Григорьев только успел бросить первый взгляд на Нину. Он уже научился выбирать место в аудитории: на один ряд позади и чуть сбоку от нее, так чтобы, записывая лекцию, можно было наглядеться, тоскливо и сладко замирая, на ее профиль. Но не слишком близко к ней, чтобы оставаться полускрытым другими студентами. Иначе — это уже бывало — она, повернувшись, встречалась с ним взглядом, и в ее больших, прекрасных голубых глазах мелькало подобие испуга. Его это неприятно потрясало, словно электрический удар. Он резко опускал голову, а она отворачивалась и к счастью не видела, как он заливается краской.
Но в тот день, едва Антонина Степановна заговорила с кафедры, он на время позабыл про Нину. Тон у Антонины Степановны был тот же приподнято-радостный, что и месяц назад, когда она поздравляла их с поступлением и цитировала Хрущева. Сейчас она говорила о том, что партия, которая справилась с культом мертвого, сумела справиться и с культом живого. Называла цифры — миллиардные убытки от кукурузы, от ошибочных единоличных решений в промышленности. А какая утрата скромности! Уже и величайшие победы в войне — Сталинград и Курск — ему приписывались.

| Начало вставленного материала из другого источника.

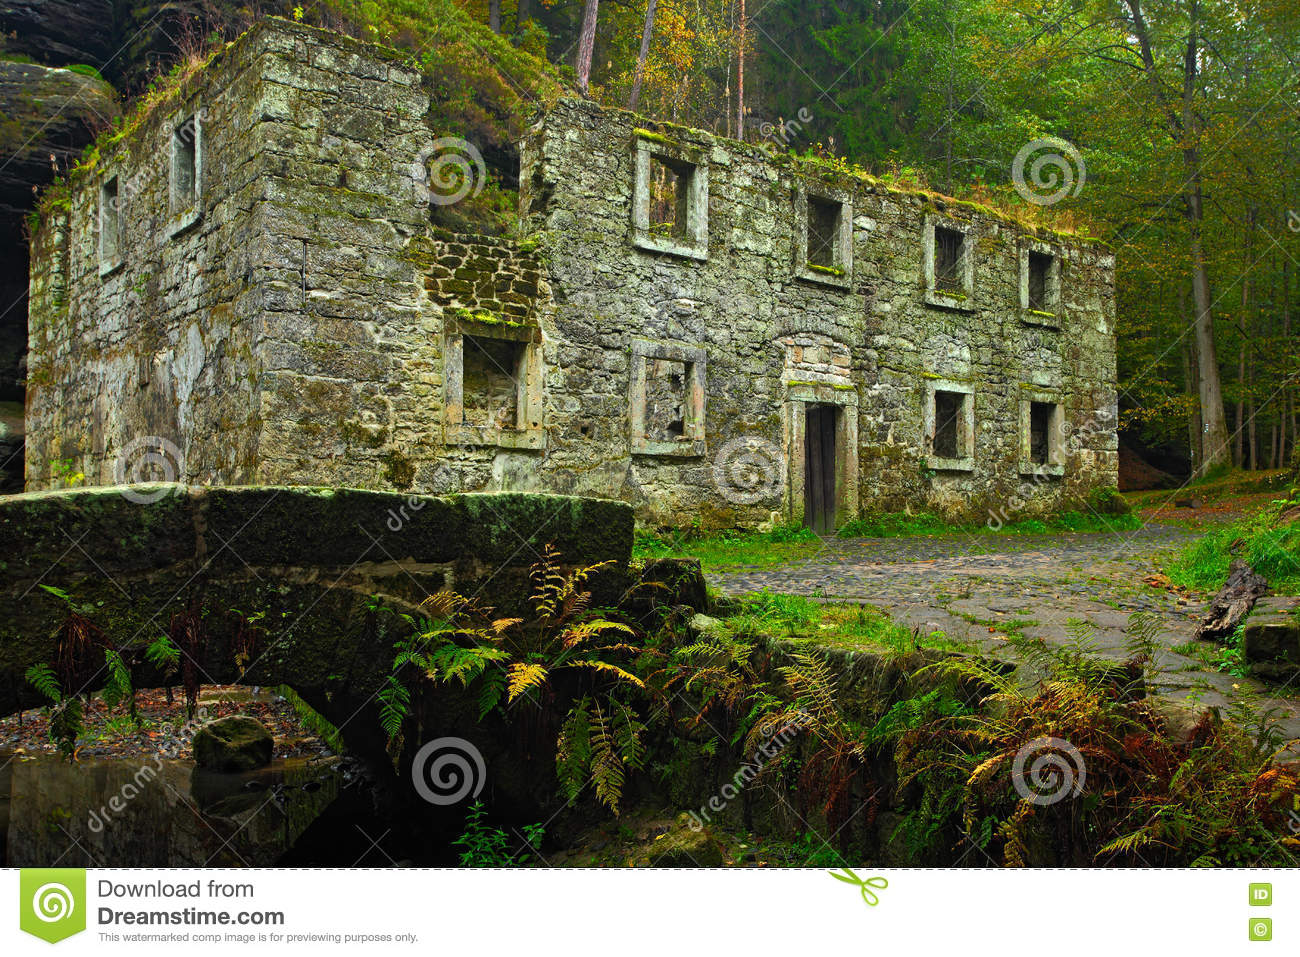 Old Ruin Dolsky Mlyn With Kamenice River, National Park Bohemian.

Он, конечно, в тех битвах участвовал, был членом военного совета фронтов. Но ведь командовал не он, а наши славные маршалы.

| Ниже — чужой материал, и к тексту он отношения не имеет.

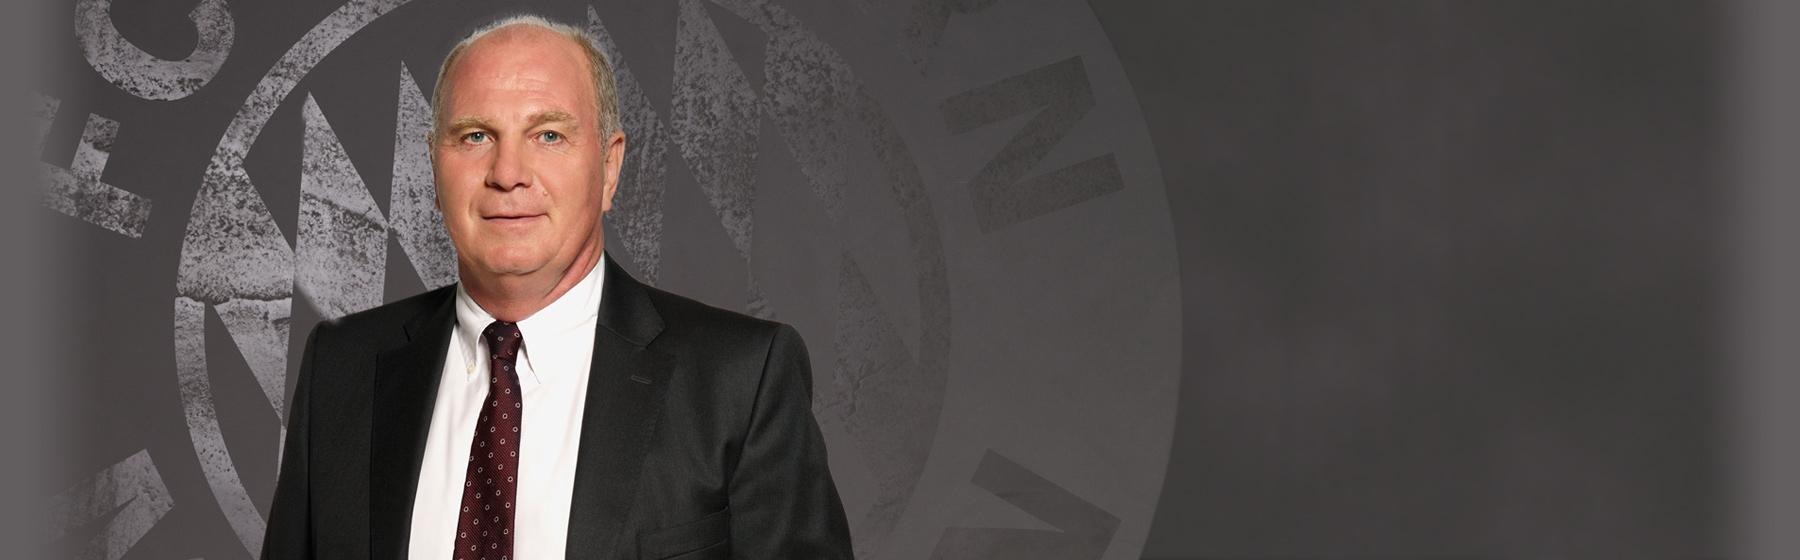 Uli Hoeneß FC Bayern Munich president header-picture

Григорьев слушал с недовольством. Ничего нового Антонина Степановна так и не сказала. Про кукурузу и потерю скромности без нее давно было известно. А главное, в поведении ее не чувствовалось ни растерянности, ни смущения. Та же самая торжественность.
После лекции он хотел подойти и расспросить ее хотя бы о Китае, где испытали атомную бомбу. У нас в газетах прошли об этом только коротенькие, в несколько строк, заметочки. А по «Би-би-си» (он слушал вчера тайком от отца) долго рассуждали, как изменится теперь положение Китая и какие трудности возникнут для СССР. Посмеиваясь, рассказали про огорчение японцев: они, бедные, так готовились к Олимпиаде, хотели показать всему свету, чего достигла Япония, а тут на тебе, — Советский Союз отставкой Хрущева и Китай атомным взрывом всё внимание отвлекли на себя. Потом передали обзор английской печати.
— Вот, послушайте, — вдруг сказала Антонина Степановна, доставая листок бумаги, — что пишет газета «Таймс»! «Хрущев раздражал русских своей суетливостью и болтовней. Русские любят, чтобы их государственные деятели были величественными».
Это были слова из вчерашнего обзора «Би-би-си». Григорьеву расхотелось подходить к Антонине Степановне. А когда после лекции сосед, вставая, хохотнул: «Понял теперь? Никите величия не хватило!», — он ответил соседу зло и громко, так чтоб услышала и Нина: «Да ну! Всё учат нас, как туземцев!..» И краем глаза уловил, как Нина быстро и с любопытством взглянула в его сторону.
Потом вспоминается вечеринка у Димки. Кажется, в декабре, перед новым 1965-м. Да, в конце декабря, потому что по телевизору в тот вечер как раз выступал Косыгин, новый глава правительства, до того мало известный. Его выступления начались вскоре после исчезновения Хрущева, и появлялся он на экране именно в один из последних дней месяца, словно отчитываясь на многомиллионном собрании.
Было нечто неожиданное в этом сдержанном человеке с темным сухим лицом. В том, что он не поднимается на трибуну, а просто сидит за столом и в упор смотрит им всем в глаза. Перед ним были разложены бумаги, но он в них не нуждался. Не сводя взгляд с камеры и, кажется, даже не мигая, на память перечисляя множество цифр, невыразительным механическим голосом он говорил о том, что делается в хозяйстве страны, об успехах и трудностях, о поиске новых путей. Проговорив минут пятнадцать, благодарил за внимание, и прежде, чем успевали переключить камеру, словно сам отключался от зрителей, угрюмо замыкаясь в своих мыслях.